The gradient descent is the most tricky because it requires finding the partial derivatives for all the parameters of the network. This will eventually become infeasible and really hard to compute, and we will introduce something called backpropagation, which helps to optimise the gradient descent process.
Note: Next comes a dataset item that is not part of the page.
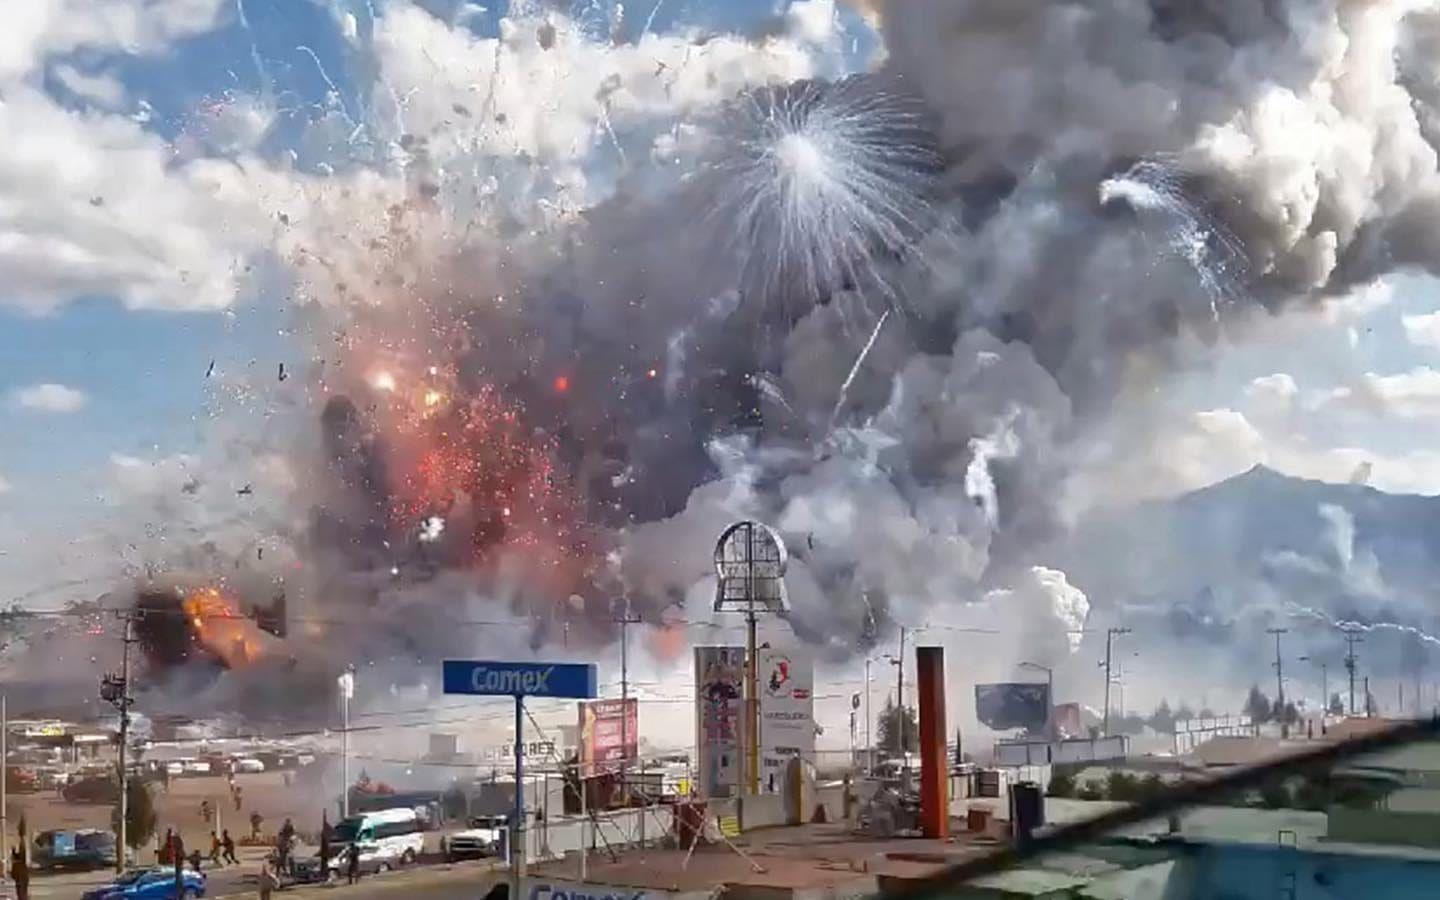 En stor explosion inträffade i Mexico City när stora mängder fyrverkerier råkade explodera. Foto: TT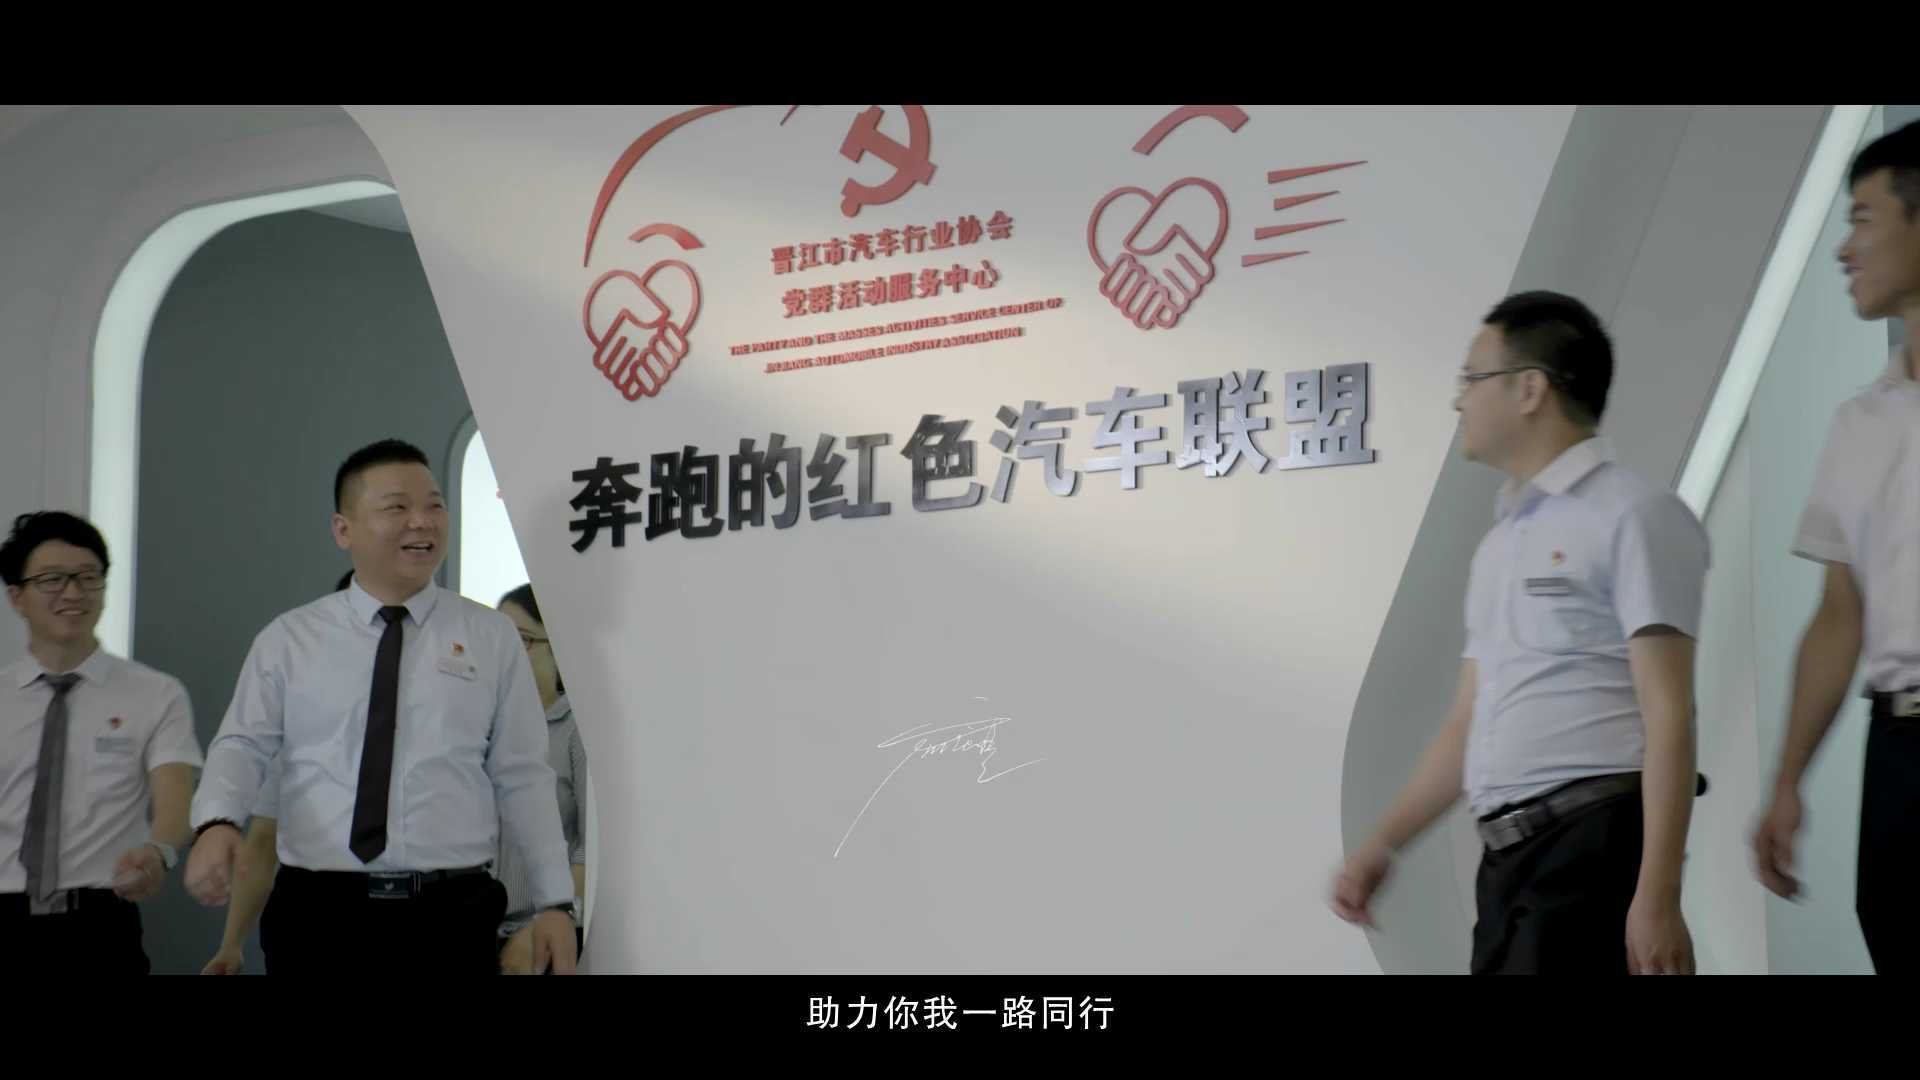 《一路同行》#奔跑的红色汽车联盟#晋江汽车行业协会

But for now, let’s keep things simple:
Network gradient_descent(Network n, size_t iterations)
{
float eps = 1e-3;
float rate = 5e-1;
for (size_t i = 0; i < iterations; i++)
{
float dw11 = (mse((Network){(Neuron){n.n1.w1 + eps, n.n1.w2, n.n1.b}, n.n2, n.n3}) - mse(n)) / eps;
float dw12 = (mse((Network){(Neuron){n.n1.w1, n.n1.w2 + eps, n.n1.b}, n.n2, n.n3}) - mse(n)) / eps;
float db1 = (mse((Network){(Neuron){n.n1.w1, n.n1.w2, n.n1.b + eps}, n.n2, n.n3}) - mse(n)) / eps;
float dw21 = (mse((Network){n.n1, (Neuron){n.n2.w1 + eps, n.n2.w2, n.n2.b}, n.n3}) - mse(n)) / eps;
float dw22 = (mse((Network){n.n1, (Neuron){n.n2.w1, n.n2.w2 + eps, n.n2.b}, n.n3}) - mse(n)) / eps;
float db2 = (mse((Network){n.n1, (Neuron){n.n2.w1, n.n2.w2, n.n2.b + eps}, n.n3}) - mse(n)) / eps;
float dw31 = (mse((Network){n.n1, n.n2, (Neuron){n.n3.w1 + eps, n.n3.w2, n.n3.b}}) - mse(n)) / eps;
float dw32 = (mse((Network){n.n1, n.n2, (Neuron){n.n3.w1, n.n3.w2 + eps, n.n3.b}}) - mse(n)) / eps;
float db3 = (mse((Network){n.n1, n.n2, (Neuron){n.n3.w1, n.n3.w2, n.n3.b + eps}}) - mse(n)) / eps;
n.n1.w1 -= rate * dw11;
n.n1.w2 -= rate * dw12;
n.n1.b -= rate * db1;
n.n2.w1 -= rate * dw21;
n.n2.w2 -= rate * dw22;
n.n2.b -= rate * db2;
n.n3.w1 -= rate * dw31;
n.n3.w2 -= rate * dw32;
n.n3.b -= rate * db3;
}
return n;
}
I know it looks terrible, but we will fix it in the next episode.
Test
Let’s add some code to print the model details and the program’s entry point:
void print_network(Network n)
{
printf("n1: w1 = %f, w2 = %f, b = %f\n", n.n1.w1, n.n1.w2, n.n1.b);
printf("n2: w1 = %f, w2 = %f, b = %f\n", n.n2.w1, n.n2.w2, n.n2.b);
printf("n3: w1 = %f, w2 = %f, b = %f\n", n.n3.w1, n.n3.w2, n.n3.b);
printf("MSE: %f\n", mse(n));
for (size_t i = 0; i < TRAIN_SIZE; i++)
{
float x1 = training_set[i][0];
float x2 = training_set[i][1];
float y = training_set[i][2];
float y_ = forward(n, x1, x2);
printf("%f ^ %f = %f (%f)\n", x1, x2, y_, y);
}
}
int main(void)
{
srand(42);
Network n = {
{(float)rand() / RAND_MAX,
(float)rand() / RAND_MAX,
(float)rand() / RAND_MAX},
{(float)rand() / RAND_MAX,
(float)rand() / RAND_MAX,
(float)rand() / RAND_MAX},
{(float)rand() / RAND_MAX,
(float)rand() / RAND_MAX,
(float)rand() / RAND_MAX}
};
printf("=== Before Gradient Descent ===\n");
print_network(n);
n = gradient_descent(n, 100*1000);
printf("\n==== After Gradient Descent ===\n");
print_network(n);
return 0;
}
After running it, we get:
=== Before Gradient Descent ===
n1: w1 = 0.000329, w2 = 0.524587, b = 0.735424
n2: w1 = 0.263306, w2 = 0.376224, b = 0.196286
n3: w1 = 0.975874, w2 = 0.512318, b = 0.530449
MSE: 0.356283
0.000000 ^ 0.000000 = 0.813263 (0.000000)
0.000000 ^ 1.000000 = 0.834551 (1.000000)
1.000000 ^ 0.000000 = 0.818202 (1.000000)
1.000000 ^ 1.000000 = 0.838637 (0.000000)
==== After Gradient Descent ===
n1: w1 = 6.941672, w2 = 6.944701, b = -3.147482
n2: w1 = 5.141287, w2 = 5.142057, b = -7.882954
n3: w1 = 11.224638, w2 = -11.900411, b = -5.274389
MSE: 0.000051
0.000000 ^ 0.000000 = 0.008030 (0.000000)
0.000000 ^ 1.000000 = 0.993192 (1.000000)
1.000000 ^ 0.000000 = 0.993190 (1.000000)
1.000000 ^ 1.000000 = 0.006957 (0.000000)
…and it works! We found an architecture that can learn the XOR logic gate.
NOTE – We have implemented an architecture based on an alternative representation of the XOR gate. But if you look at the individual weights, you’ll see that they are very different from the weights we had in the last episode. This is because the neural network can learn differently from how we expect it to behave.
In the next episode, we will implement a neural network framework from scratch and try to port the models we have defined so far into it.